The present study compared ADHD and control children on strategic aspects of arithmetic performance. We tested one specific arithmetic activity, namely, computational estimation, as previous studies revealed that it is a good activity in which strategy differences across populations are unambiguous and easy to document. In computational estimation tasks, participants are asked to provide the best approximate sums (or products) to problems like 36 + 78 (or to problems like 36 × 78). Previous research showed that children of different ages use several types of strategies. Also, like in other domains, children’s performance is influenced by the type of strategies they use and the type of problems they solve (Baroody, 1989; Case & Sowder, 1990; Dowker, 1997; Dowker, Flood, Griffiths, Harriss, & Hook, 1996; LeFevre, Greenham, & Waheed, 1993; Lemaire & Lecacheur, 2002; Lemaire, Lecacheur, & Farioli, 2000; Levine, 1982; Reys, Rybolt, Bestgen, & Wyatt, 1982; Sowder & Markovits, 1990). The hypothesis under test was that an important source of differences in arithmetic performance between ADHD and control children concerns strategic aspects of this performance. More specifically, we tested group differences in strategy use asking whether ADHD and control children differ in strategy preferences and in best strategy selection. In other words, we tested the hypothesis that ADHD children would be less able than control children to select the best strategy on each problem. We made sure that both ADHD and control children knew the available strategies so as to control for potential differences in strategy repertoires. We tested younger children (fourth and fifth graders) to test the possibility that strategic differences exist very early in school-age children. Moreover, we also determined whether ADHD and control children base their best strategy selections on the same problem features.
Method
Participants
Participants were selected from state schools in Veneto region, North Italy, on the basis of the “SDAI” Rating Scale (ADHD Rating Scale for Teachers [Scala per i Disturbi di Attenzione/Iperattività per Insegnanti]; Cornoldi, Gardinale, Masi, & Pettenò, 1996).
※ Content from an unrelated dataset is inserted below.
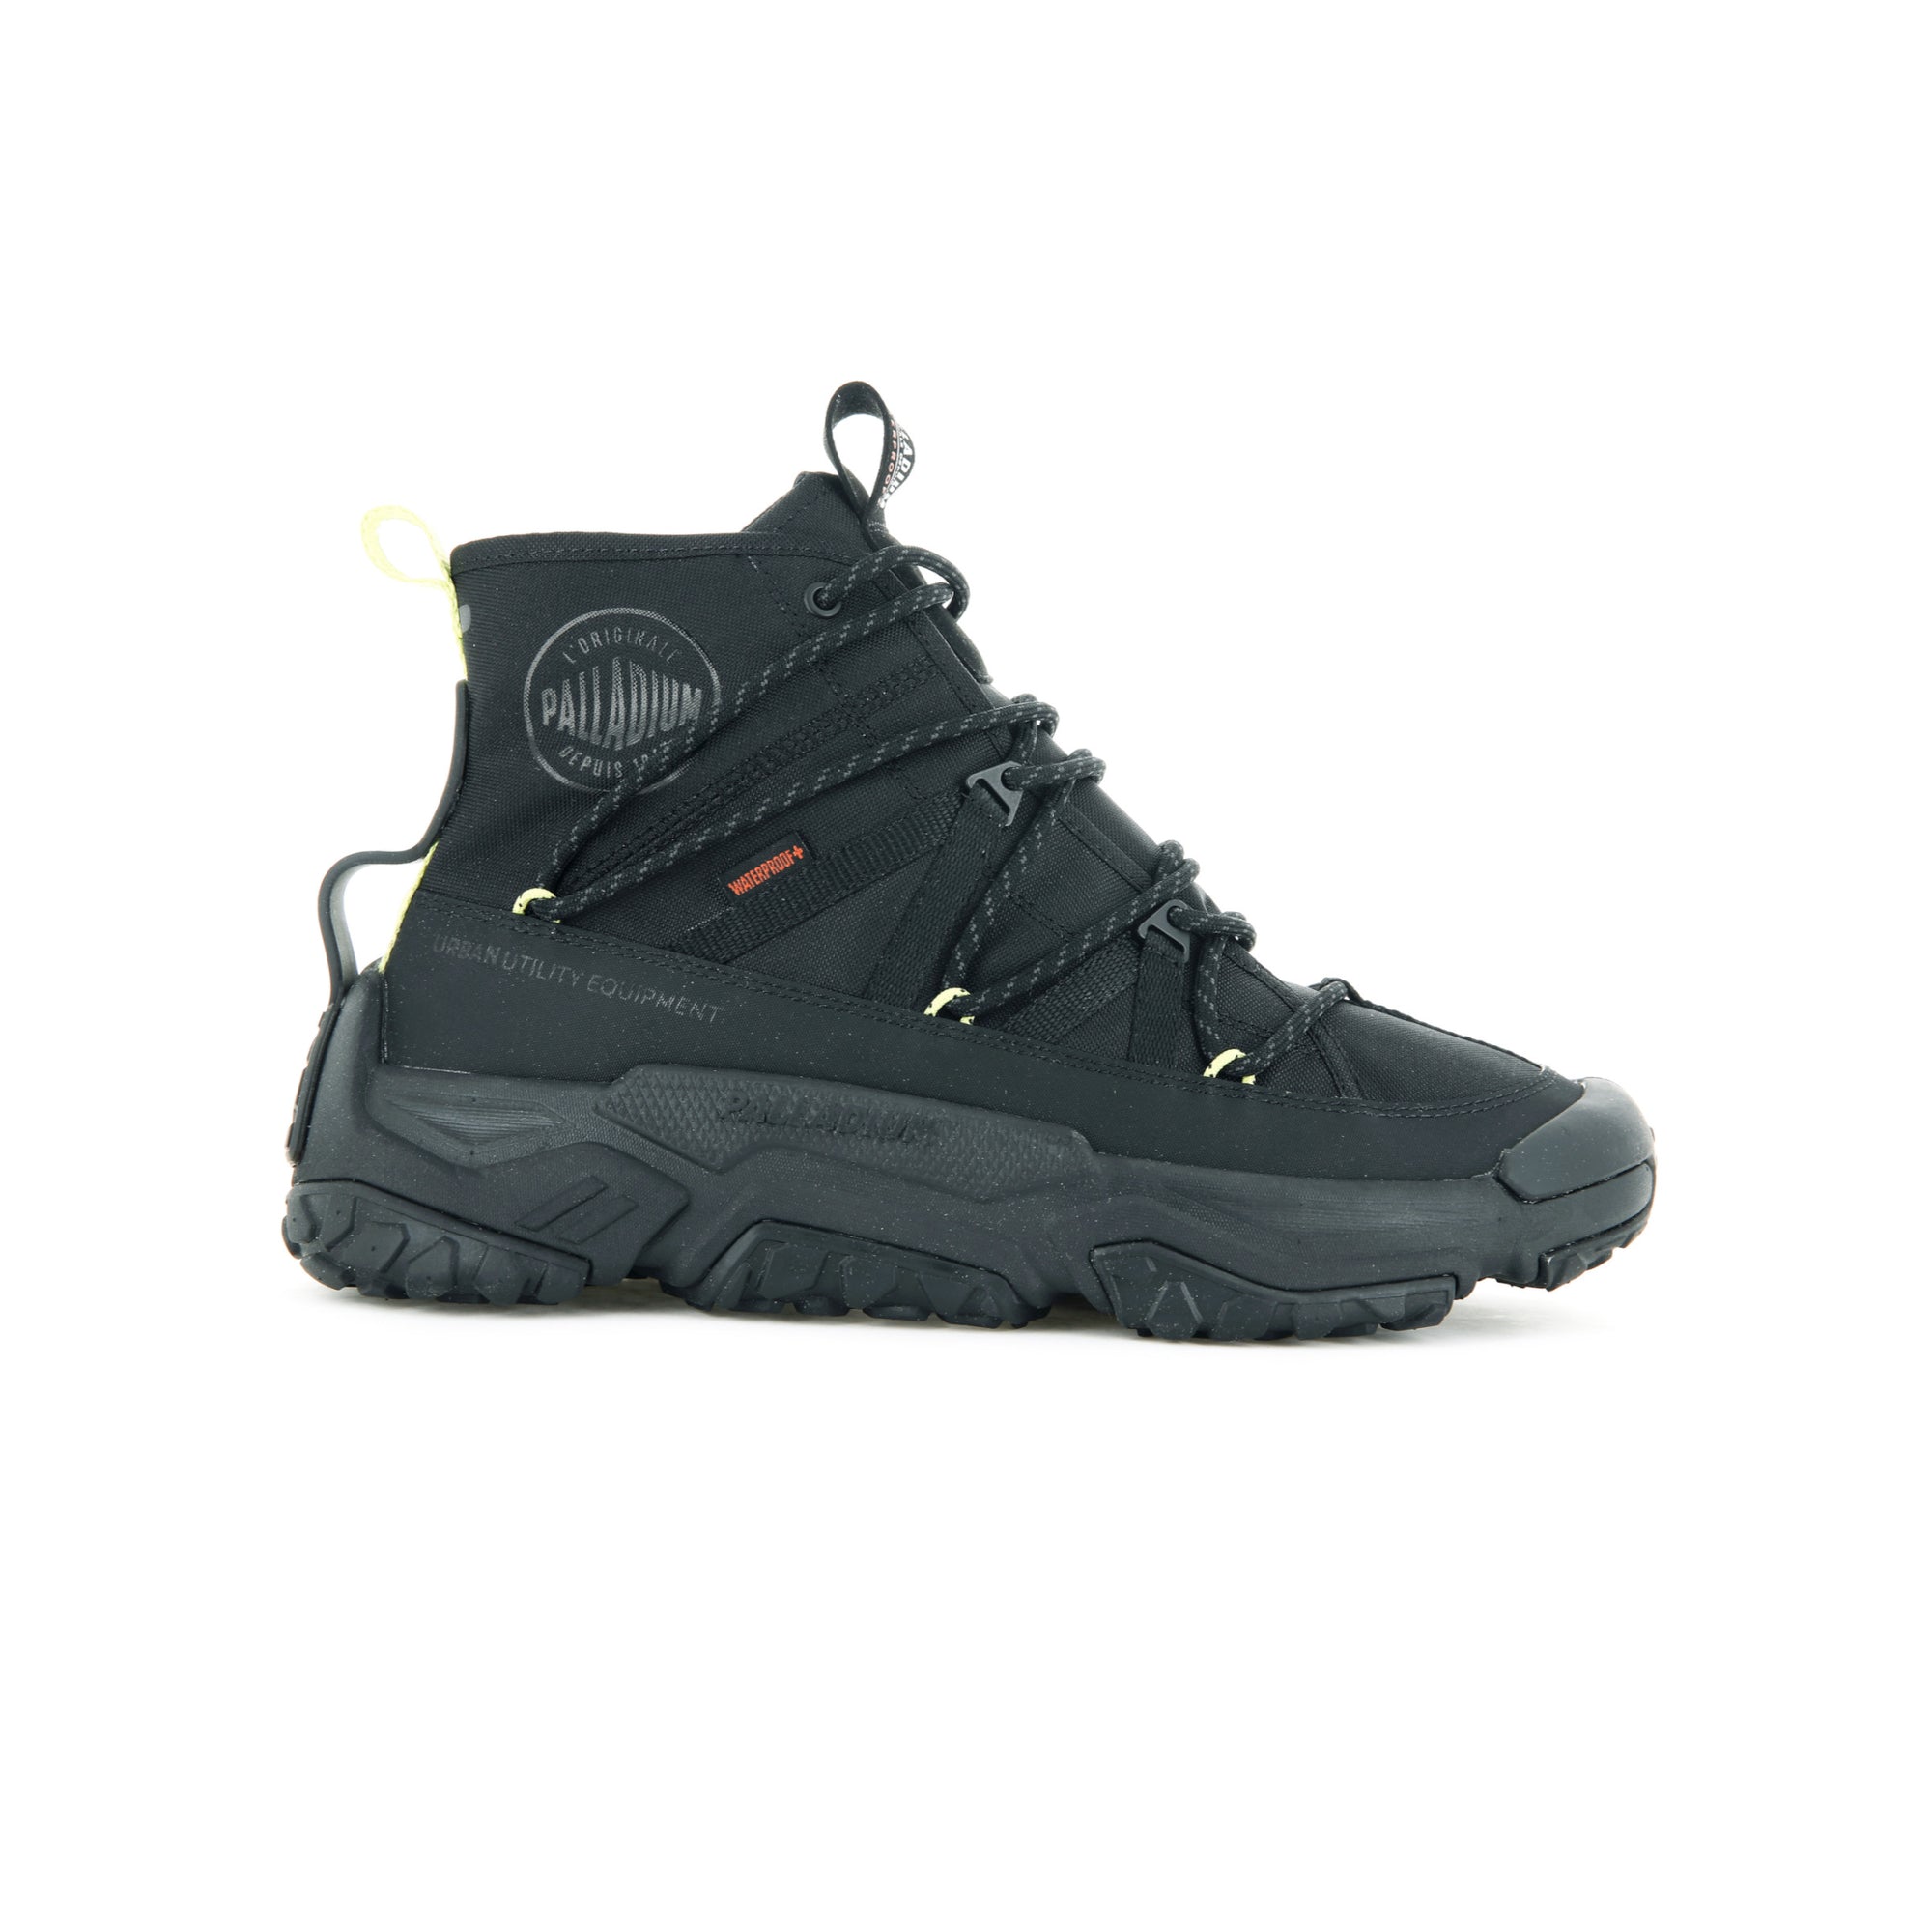 Off Grid Cross Waterproof Sneaker - Black/Black

The SDAI Scale requires the teacher to rate the child frequency/intensity (4-point scale ranging from 0 = no problem to 3 = severe problem) of the nine symptoms of inattention and the nine symptoms for hyperactivity/impulsivity reported in the Diagnostic and Statistical Manual of Mental Disorders (4th ed.; DSM-IV; APA, 1994). The SDAI interrater reliability is .80 for the Inattention subscale and .74 for the Hyperactivity-Impulsivity subscale. The test–retest reliability is .83 and .81, for Inattention and Hyperactivity-Impulsivity, respectively (Marzocchi, Re, & Cornoldi, 2010). For each subscale, the cutoff is at 13.5 points, that is, 1.5 SD more than the standardized mean score. All the children included in the ADHD characteristic group obtained a score above the cutoff in at least one scale (Inattention or Hyperactivity-Impulsivity). Moreover, we administered the “COM” Scale (“Comorbidity Scale”; Marzocchi et al., 2010) to assess the comorbidity in ADHD. The questionnaire has thirty 4-point Likert-type scale (ranging from 0 = no problem to 3 = severe problems) items: five items for general cognitive and learning difficulties, one item for Tourette syndrome, four items for conduct disorder, five items for oppositional defiant disorder, five items for autistic behaviors, four items for depression, and six items for anxiety. The scale shows good psychometric properties such as an interrater reliability of .97. On the basis of the COM Rating Scale, all children scored less than 2 in general cognitive and learning difficulties, oppositional and aggressive behaviors, anxiety problems, and depressive behaviors. Among those items assessing learning difficulties, one specifically measures mathematical learning. Thus, the teacher reported that no child had a lower mathematical learning or achievement. The children in both groups did not present any other severe psychological problems, nor any physical or sensory deficits or a disability certification. ADHD characteristics children were not under medication.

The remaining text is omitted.